Privatizar los fondos de un individuo, sea a través de un sindicato charro o de
un banco, es eso: privatizar. La desigualdad creada entre un puñado de privilegiados
trabajadores del petróleo y una masa de pequeños burócratas, profesores rurales
y enfermeras del Seguro es la misma que existe entre los afortunados mandos de
confianza de las grandes empresas y las masas de empleados aplastados y
explotados en las compañías privadas, del tamaño que sean.
Por
otro lado, y reconociendo y criticando profundamente la mediocridad y la
corrupción en los liderazgos de estos sindicatos, debe quedarnos claro que los “pasivos
laborales” de los que ahora se habla son, de hecho, los únicos que todavía
existen más o menos en su forma original (PEMEX, CFE, etc). La abrumadora
mayoría de los mexicanos perdió gran parte de sus privilegios (si los tenía)
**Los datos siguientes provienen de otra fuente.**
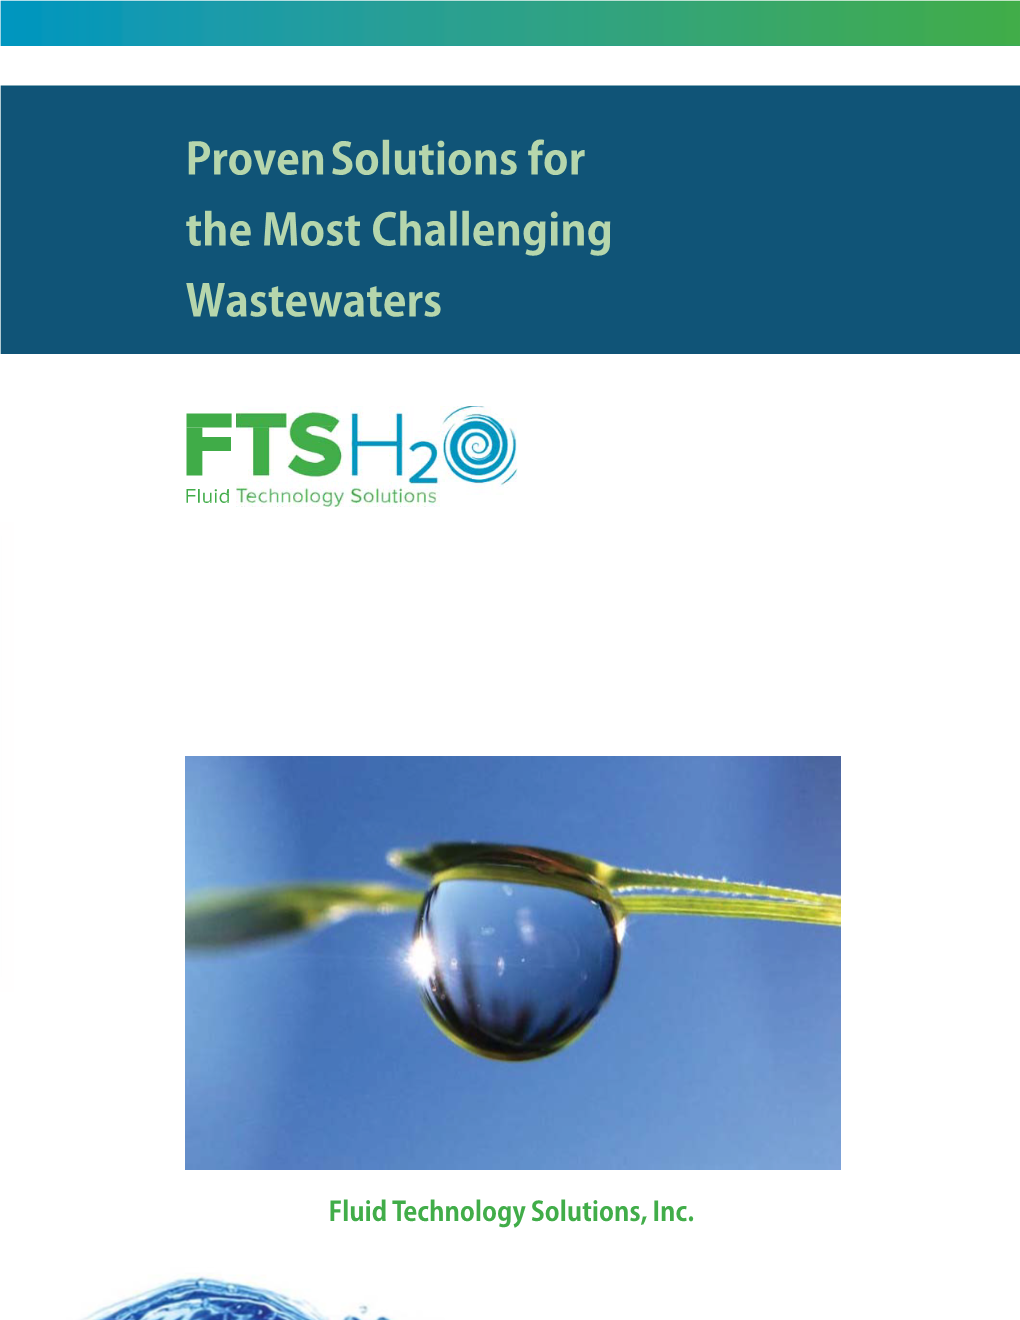 Proven Solutions for the Most Challenging Wastewaters

entre 1982 y 2007-8, cuando el gobierno de Calderón impulsó la reforma de
pensiones del IMSS (una reforma privatizadora, claro está), o cuando LyFC fue
desmantelada. ¿Posible conclusión? Me gustaría decir que los sindicatos más
combativos son aquellos que conservan una serie de privilegios más o menos
estable. Tristemente, la verdad es que, históricamente, los sindicatos
mexicanos más combativos han sido pisoteados por el Estado y el sector privado,
y son los más acomodaticios, más charros y más corruptos los que han mantenido
estos privilegios para sus trabajadores. Es un tristísimo escenario para
la lucha trabajadora de hoy, pero no es un tristísimo origen de los “pasivos
laborales”.
El
punto es que ninguna crítica a los “pasivos laborales” es válida si no se
explica el proceso histórico que les dio origen y, sobre todo, si no se deja muy
claro que la alternativa a ellos, según como la presentan las élites de hoy, es
la privatización formal de los fondos. Éste sería un proceso que probaría el
punto de los marxistas: la tarea del Estado y los intereses de la élite son lo
mismo: mantener aceitada la maquinaria que garantiza la acumulación de capital
a costa del trabajo de las mayorías. Mientras nuestros queridos compatriotas
que presumen no deberle nada a “papá gobierno” (porque tienen changarro,
trabajan para una empresa privada o se dedican al comercio) se rasgan las vestiduras
cuando leen acerca de los “inaceptables beneficios laborales” que existen en el
sector público (que no social), nosotros debemos explicarles con paciencia y
garrote que se equivocan. Porque su discurso legitima, todavía más, dinámicas
de despojo y desigualdad que se entronizan como la panacea del sector privado.